Try it
Below, find the line containing "Laguna 2 flammig"; from there to the final line, print every line exactly and skip the pictures.

Exercise data
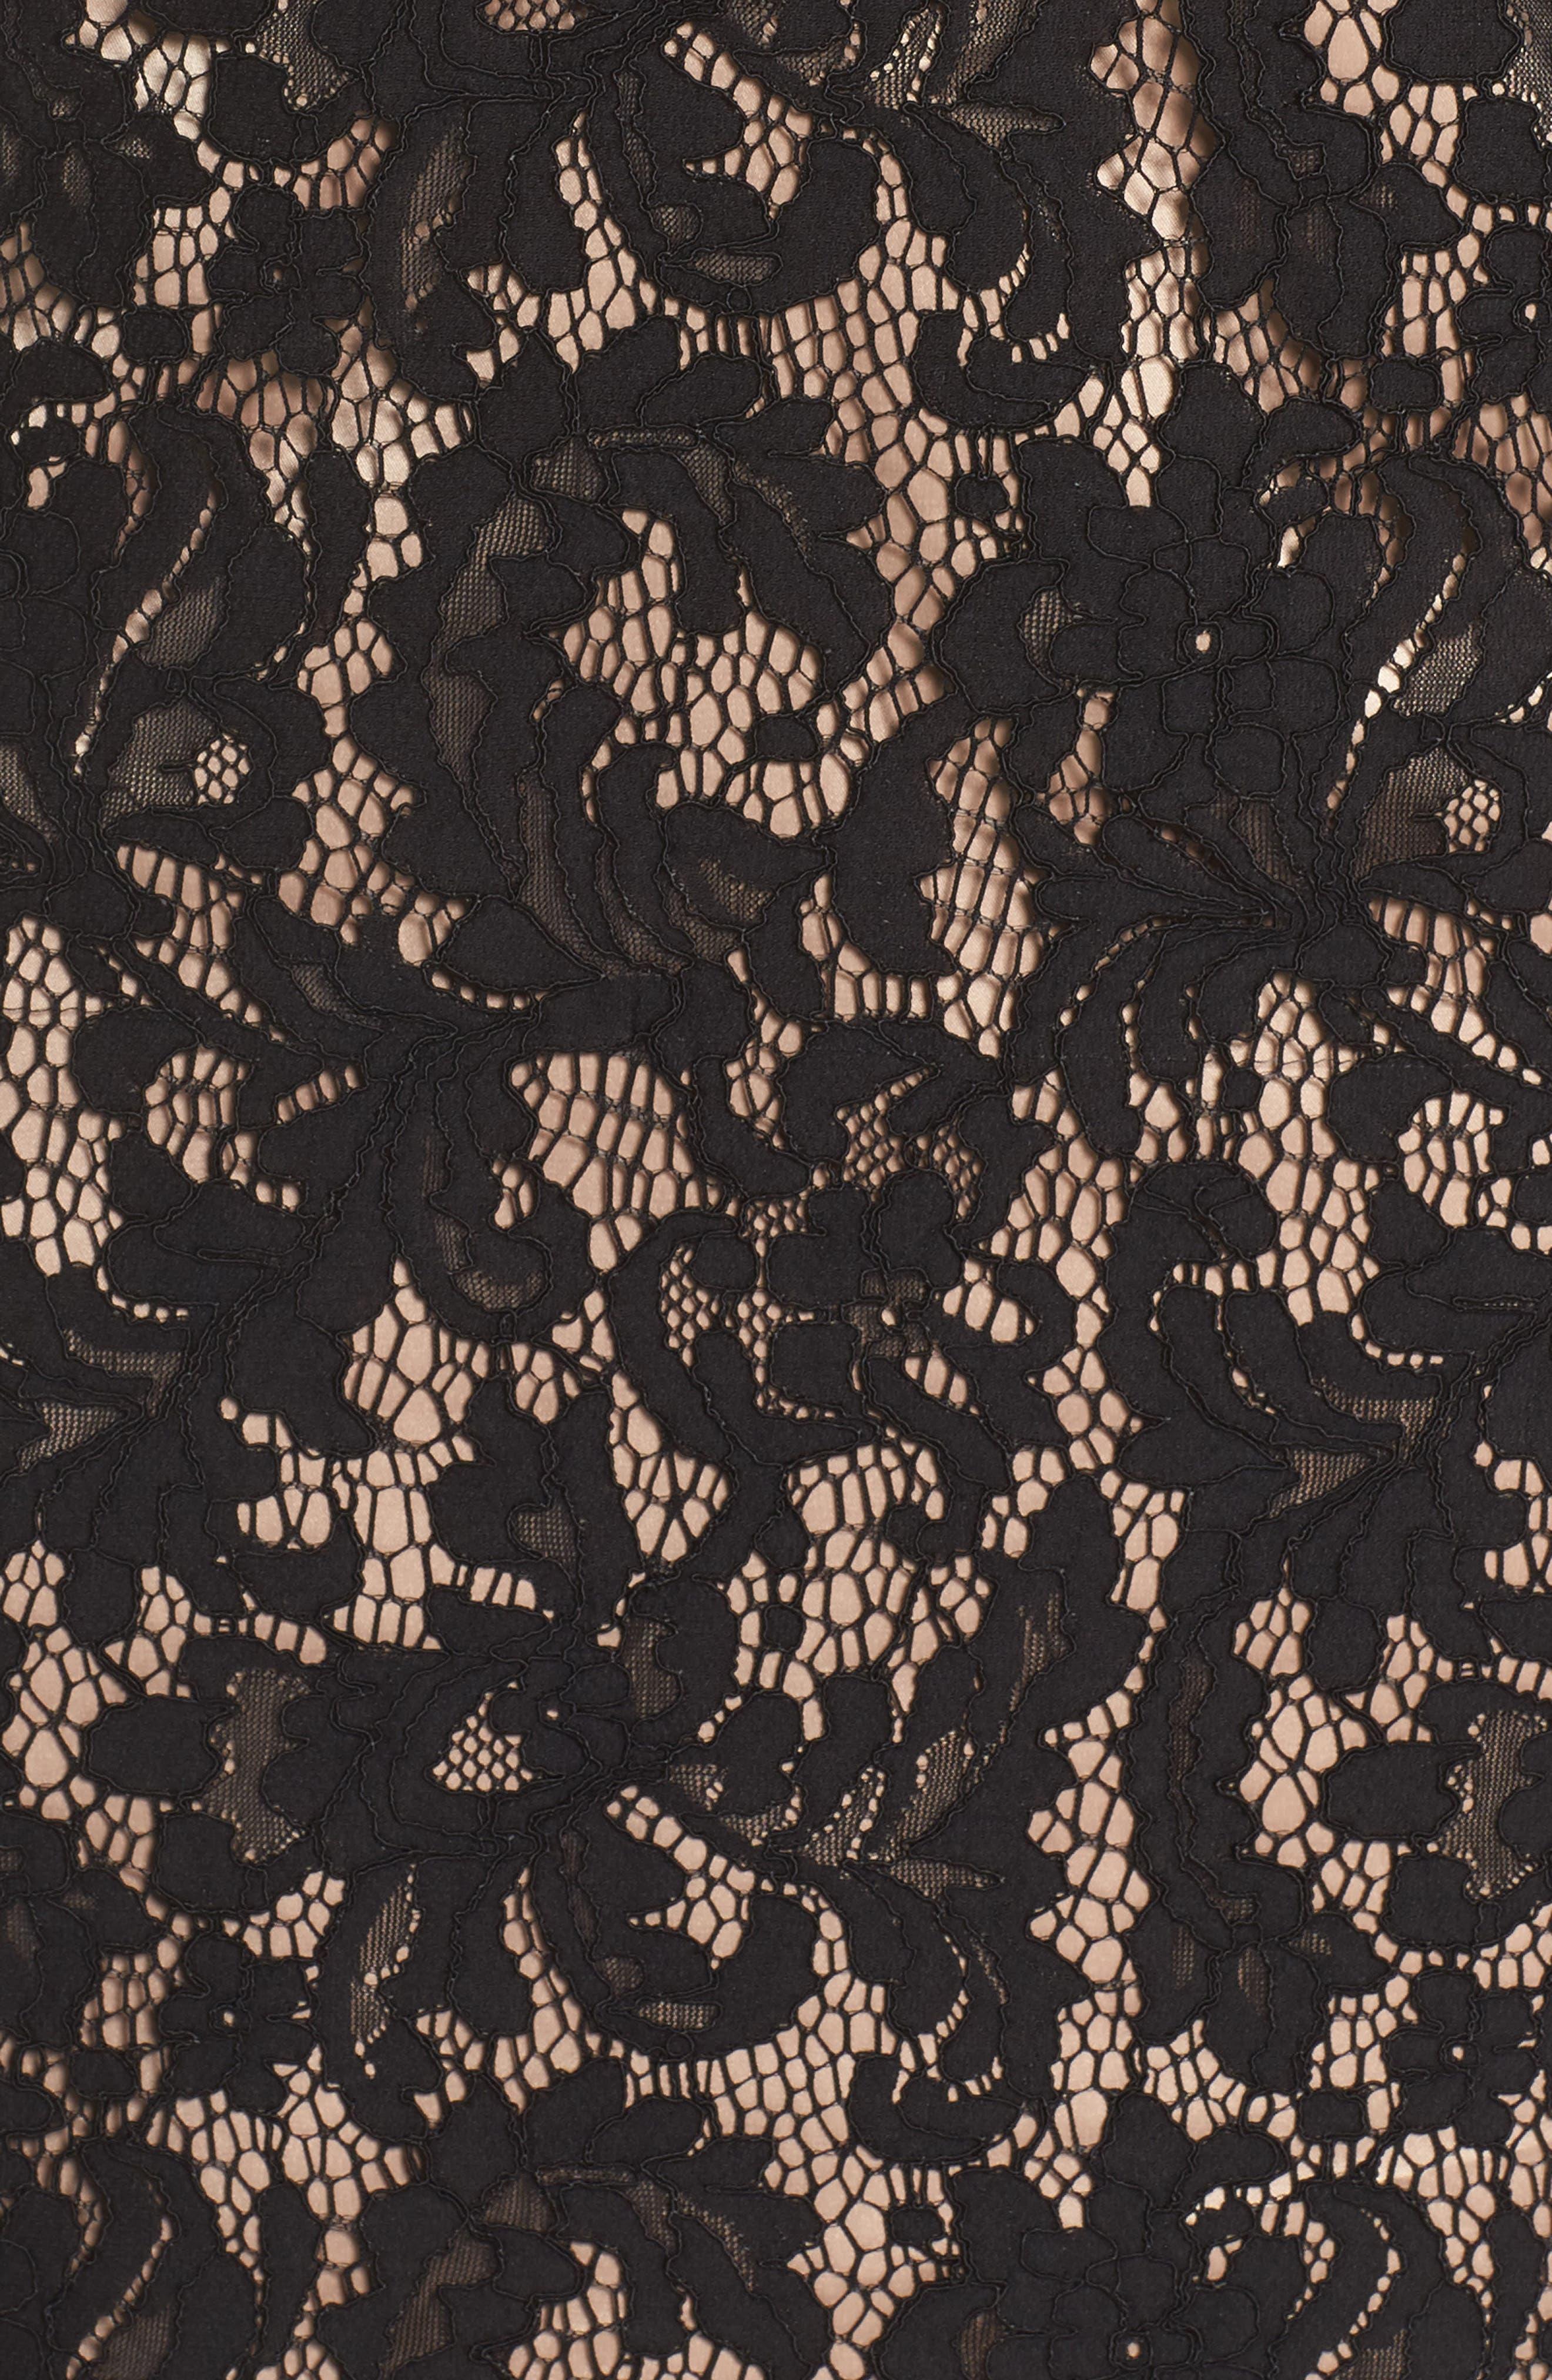 Illusion Lace Sheath Dress,                             Alternate thumbnail 6, color,                             015
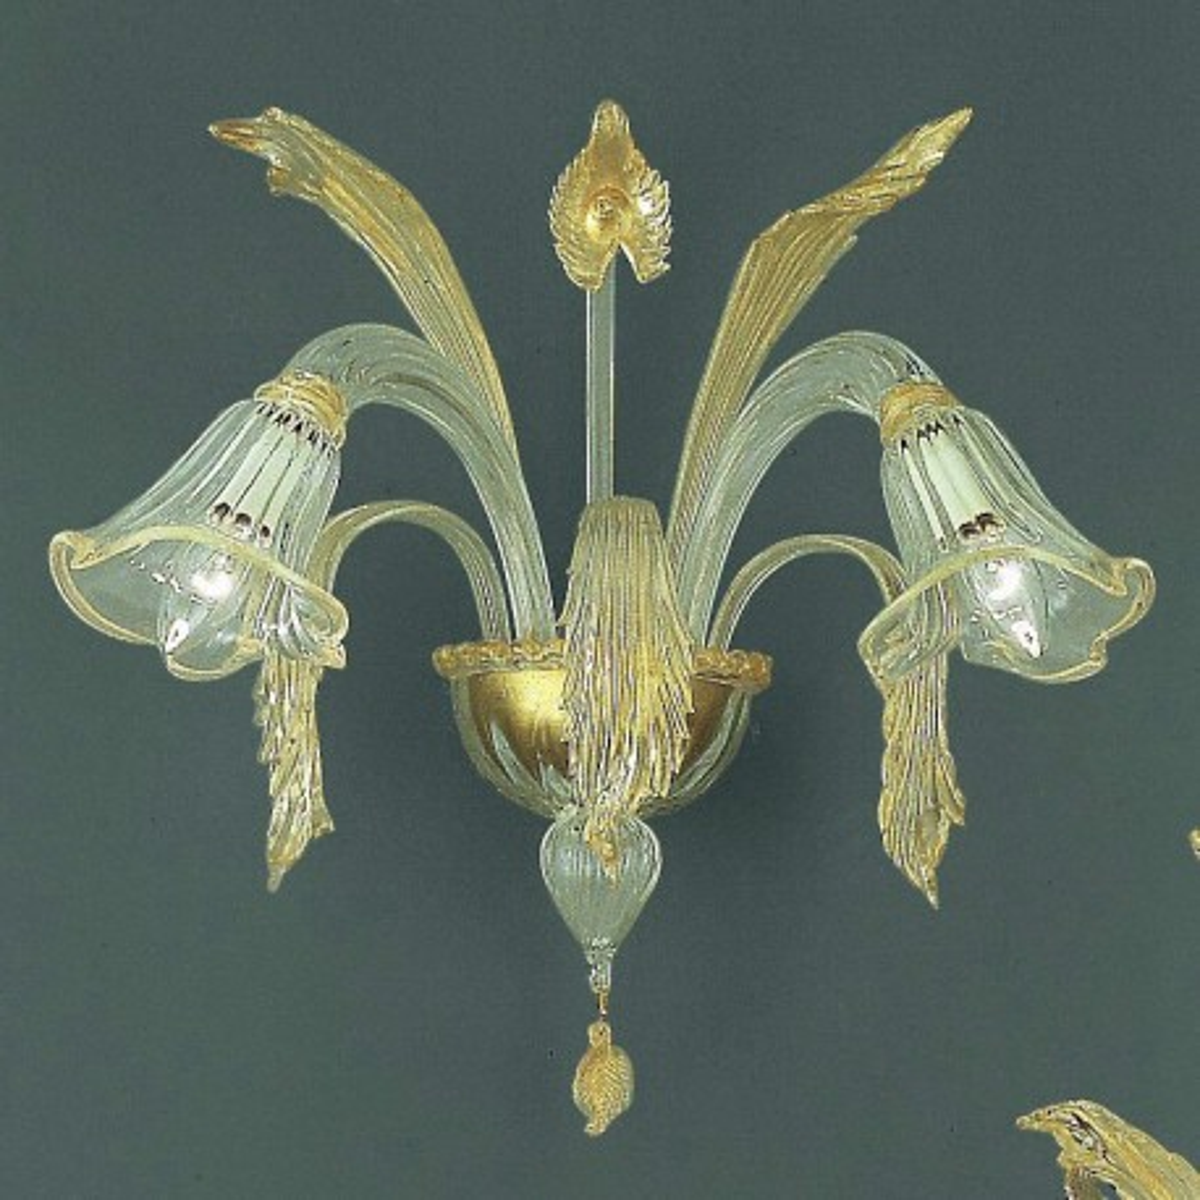 Laguna 2 flammig Murano wandleuchte - transparent Gold Farbe
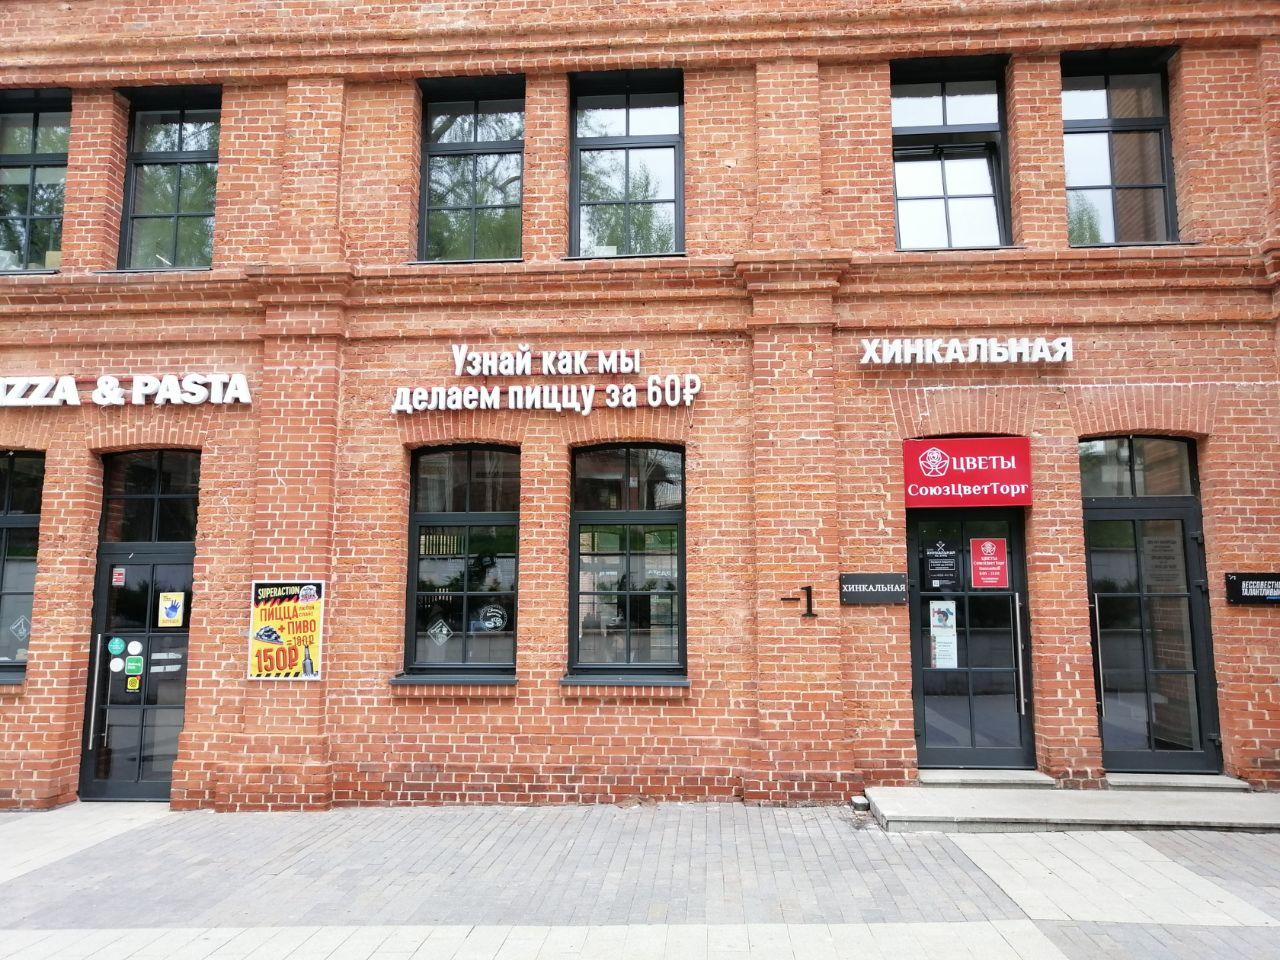 Бизнес Центр Завод Арма (Курский) (Строение 2)
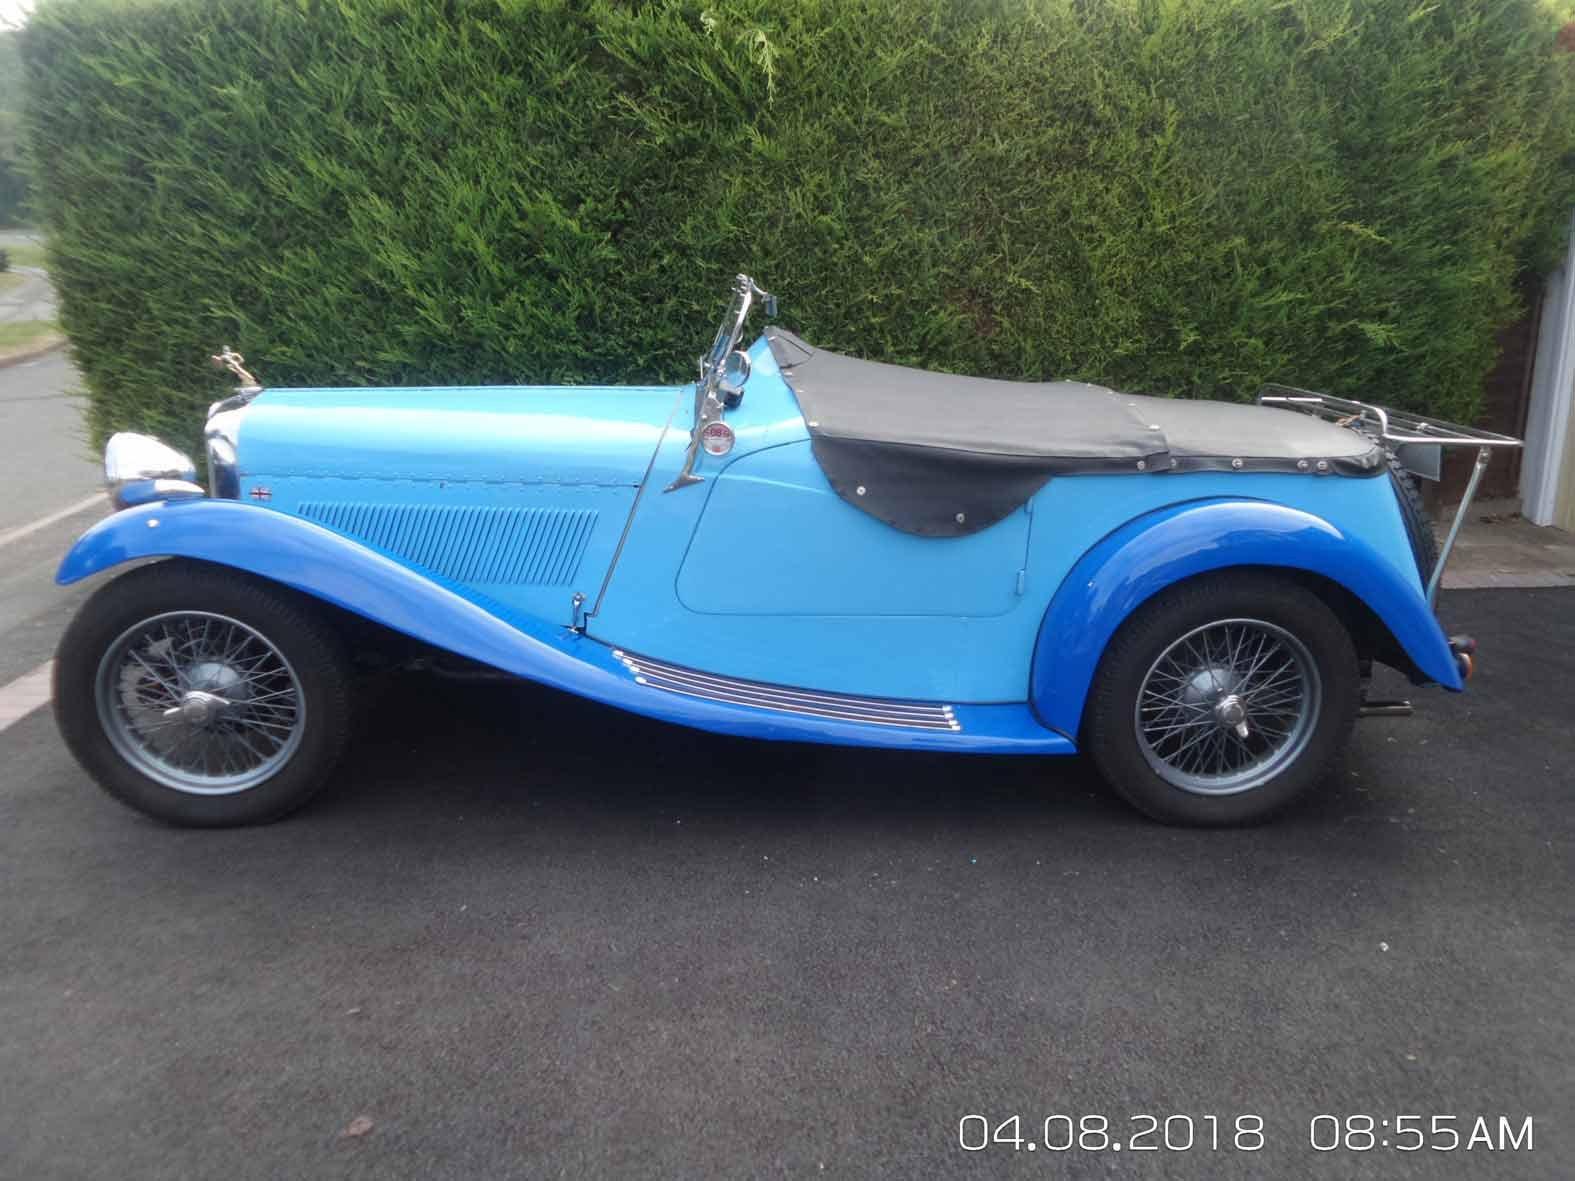 1934 SALMSON - British Salmson S4C  sports coupé. For Sale (picture 2 of 6)

Task result
 Laguna 2 flammig Murano wandleuchte - transparent Gold Farbe
 Бизнес Центр Завод Арма (Курский) (Строение 2)
 1934 SALMSON - British Salmson S4C  sports coupé. For Sale (picture 2 of 6)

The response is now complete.